We have also planted a 2 ac plot of alfalfa that we will plow under come fall for soil biomass. The only problems with alfalfa is if you have a large deer herd they will mow the alfalfa down and it will never bloom. Alfalfa also will weevils If you spary while in bloom you can kill out your hives I jut let it go what makes blooms fine what dont o'well.

We planted the last 2 ac's in wild flowers. This is in strip planting along both sides of our 1/4 mile diveway along the fence rows and around the barn. 

This all goes along with the normal plants that we have and any sourwood that will bloom out. 

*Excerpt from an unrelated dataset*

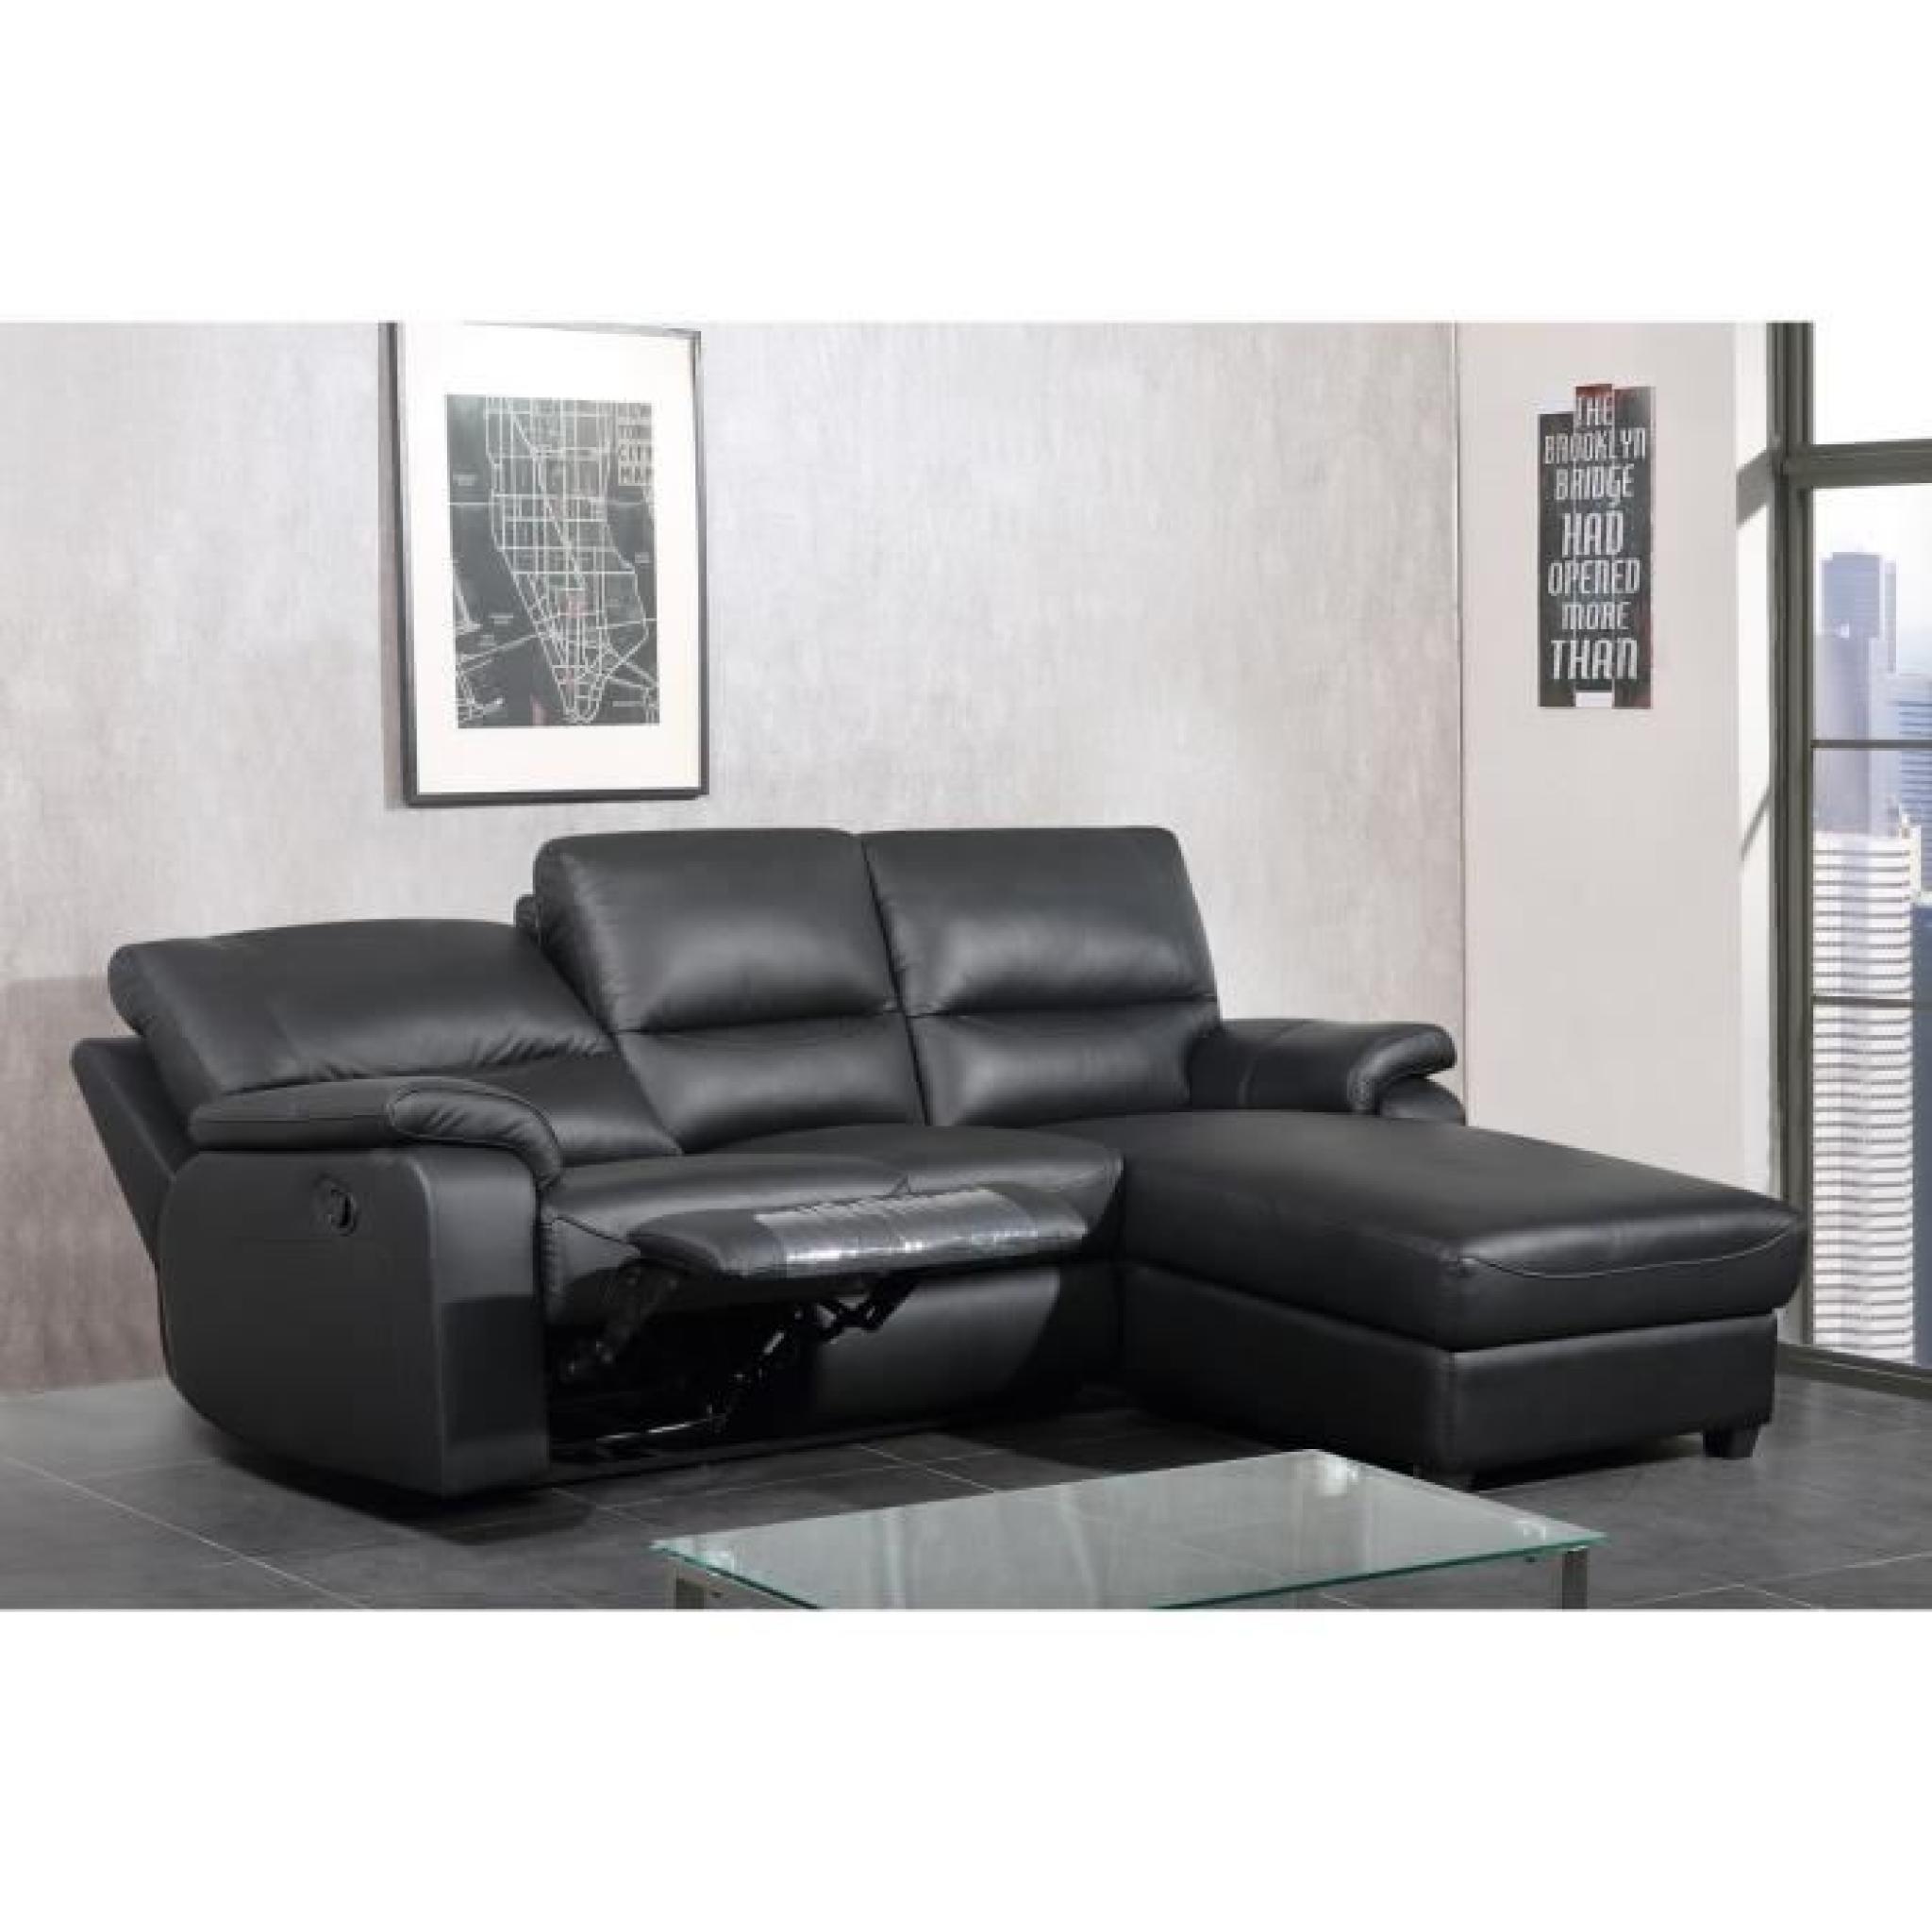 canap d angle rouge et noir meilleur de photographie. Black Bedroom Furniture Sets. Home Design Ideas

I hope this helps out its starting to get a little late to get a good clover stand started for 2007 but your on the right track.


----------



## Oldbee (Sep 25, 2006)

For information about flowers and other "native" plants for your area that may be good for honey bees; try: www.plantnative.org , for addresses, phone numbers, catalogues and links.


----------



## DANIEL QUINCE (Jan 15, 2006)

*Tree*

If you are also considering trees, I've got a "word" file that will give you honey production per hectar. I can e-mail-it.


----------



## Ben Brewcat (Oct 27, 2004)

Be sure to talk to your local beeks and clubs. The answer to your question depends more on your location, soil, moisture etc. than it does on our collective experience . Things to think about would be: is there a dearth in your area that you could plant something to fill in (find a plant's bloomtime that would fill the hole)? How much work are you willing to do with the plants; would you till and replant annuals each year and do soil amendments, or would you prefer low-maintenance perennials?

That said, mints are tough and good nectarmakers. Get a variety... you can mix the tiny seeds into sand or something to act as a "carrier" for planting more easily. Even better, mix some thyme, basil, anise hyssop, horehound and oregano into the mix, and put a few Catalpa, honey or black locust, basswood/linden or other regionally appropriate trees in per acre. Add some butterfly bush or other medium-height plants if you like. 

Not that I've spent much time fantasizing about what I'd do if I had 12 acres to play with


----------



## BeeAware (Mar 24, 2007)

Anise Hyssop is a good honey plant as well as mountain mint, vitex negundo (shrub), Tulip Poplar tree, Basswood and sourwood trees are excellent.


----------